A good guide to six pack abs needs to contain information on various subjects: diet, nutrition, and workouts. The reason for this is that it takes a lot of effort to get perfect abs, a lot of planning and dedication. One slip, and that layer of stubborn belly fat becomes just a little thicker. You need to know what you're doing in the gym and out.

Let's face it, if getting six pack abs was all about making an effort, than you'd be having no trouble strutting around with a flat belly of your own.

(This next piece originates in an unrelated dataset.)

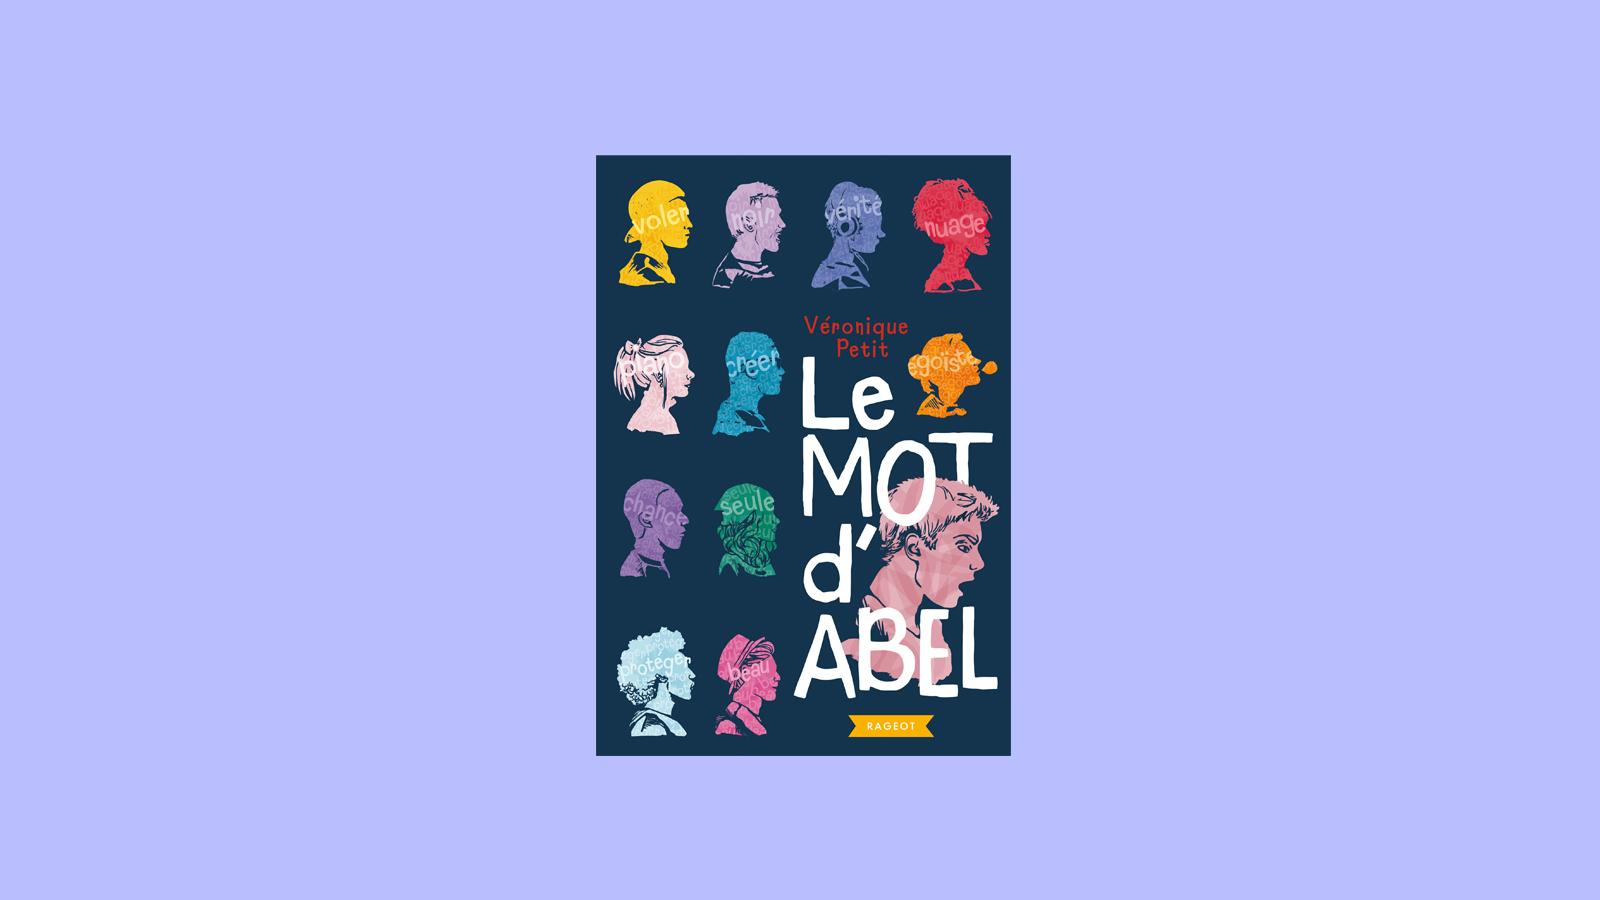 Le mot d'Abel, un livre de Véronique Petit sélectionné pour le Prix RTS Littérature Ados 2019. [RTS - Rageot]
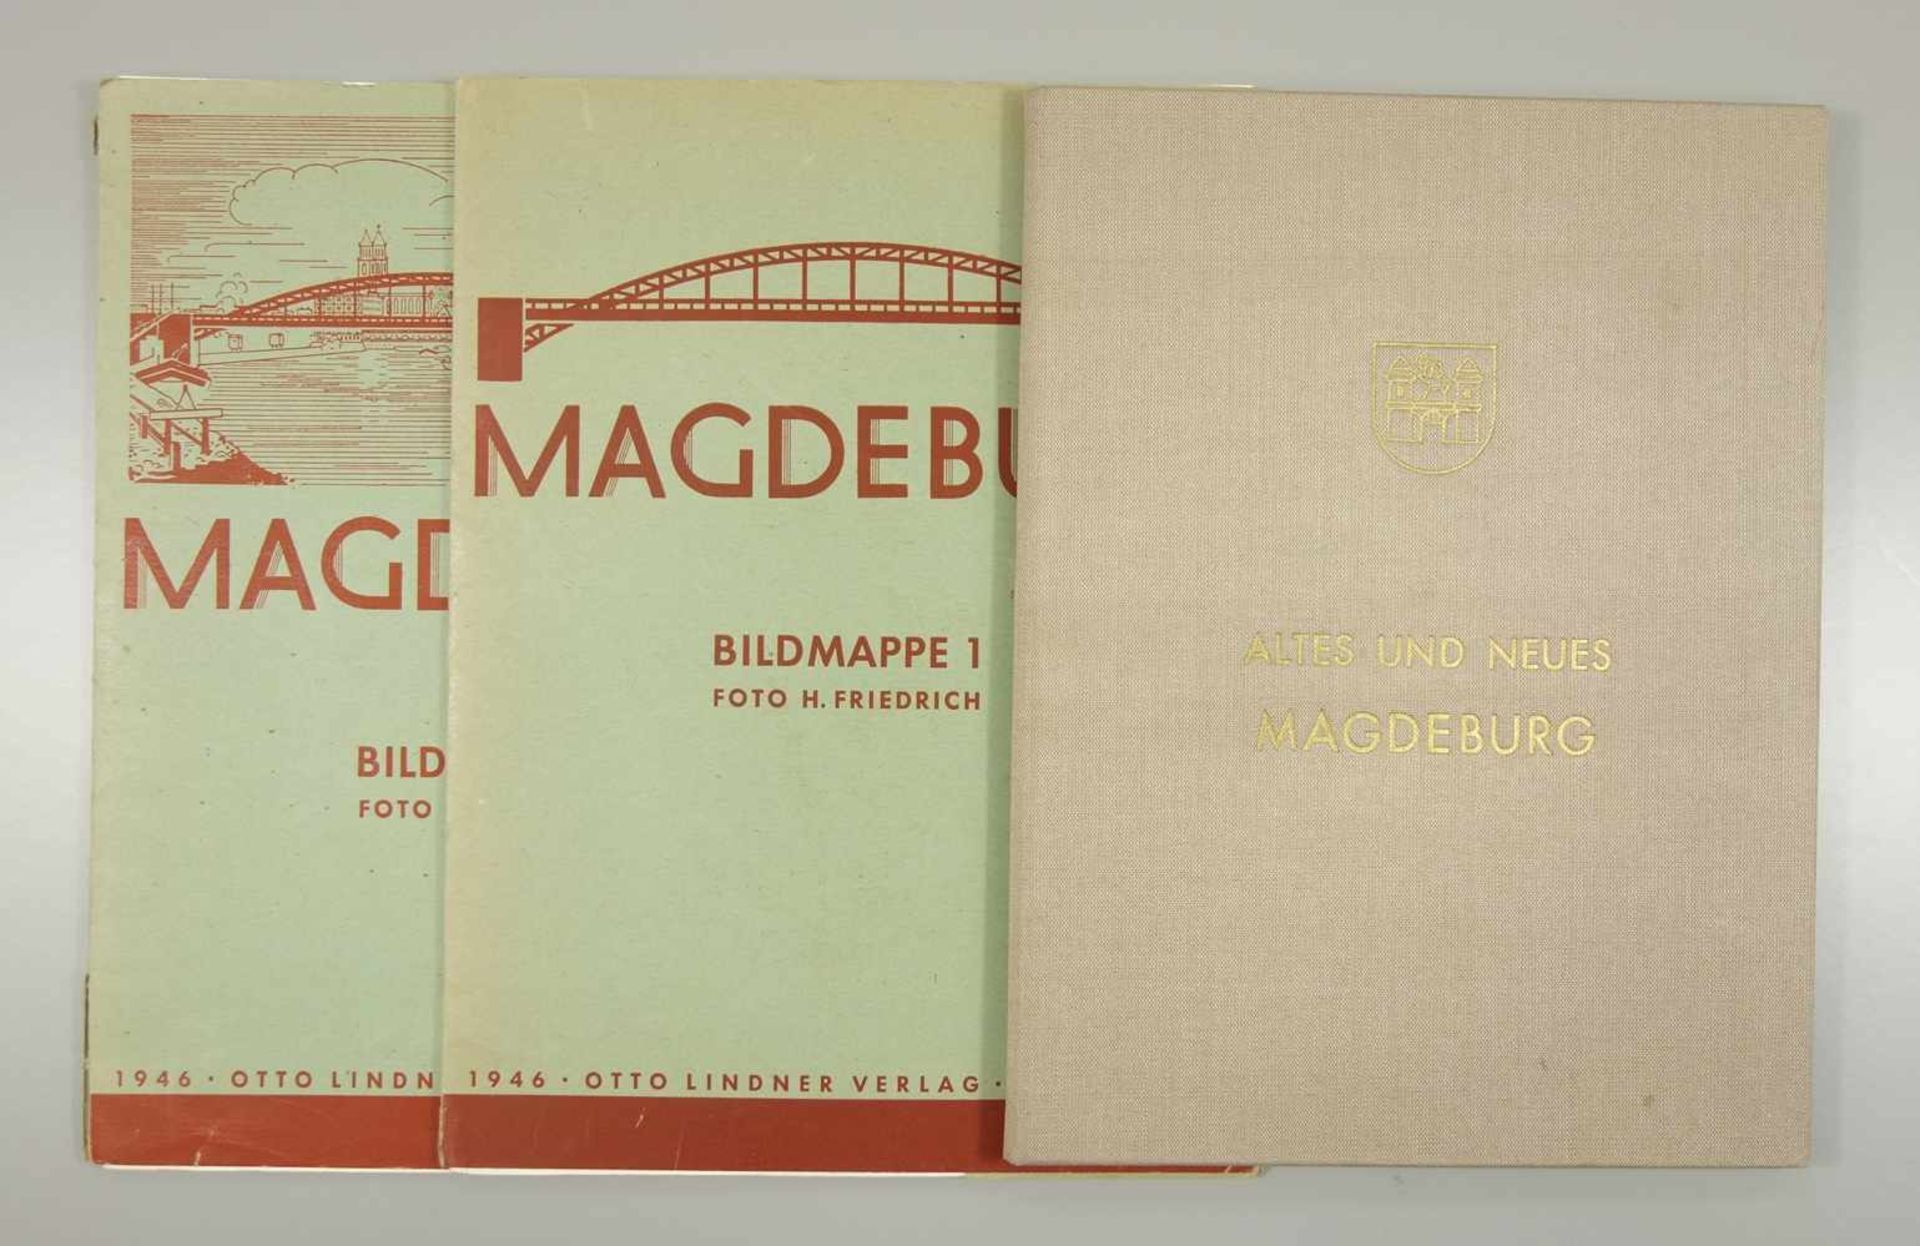 3 Magdeburger Bild- / Fotomappen; Bildmappe 1 und 2 mit jeweils 17 Abb. nach Fotos von H.

The fact is that it's not about desire, it's about knowing what to do, what to eat, and how to workout. That's why you need the proper information about getting six pack abs, and that's where an abs diet and nutrition guide comes in handy.

The best guide to getting perfect abs is the Truth About Abs guide by Mike Geary. I believe it's the best one for a number of reasons:

1. I use it myself and I know it delivers results. That's why I'm recommending it.

2. It has an extensive section on the proper nutrition to get great, flat abs. You'd be surprised at how food plays a part in how your stomach looks.

3. This abs guide contains a lot of information about the proper workouts which can help you get leaner fast. Each exercise comes with detailed pictures which makes things easy to understand and to apply. This is a great abs workout guide. It shows a lot of different and interesting exercises, so getting a flat belly isn't boring, but rather fun.

4. Mike Geary, the creator of this diet, offers great support for this diet. Any questions you have, you'll get an answer in no time. This help is very useful. It's like having a personal trainer on stand by, ready to answer your questions.


To read how you can start to lose as much belly fat as possible, visit this webpage:

Get Flat Abs [http://TruthAboutGreatAbs.com].

John Davenport lost over 30 pounds in his twenties after being overweight most of his life.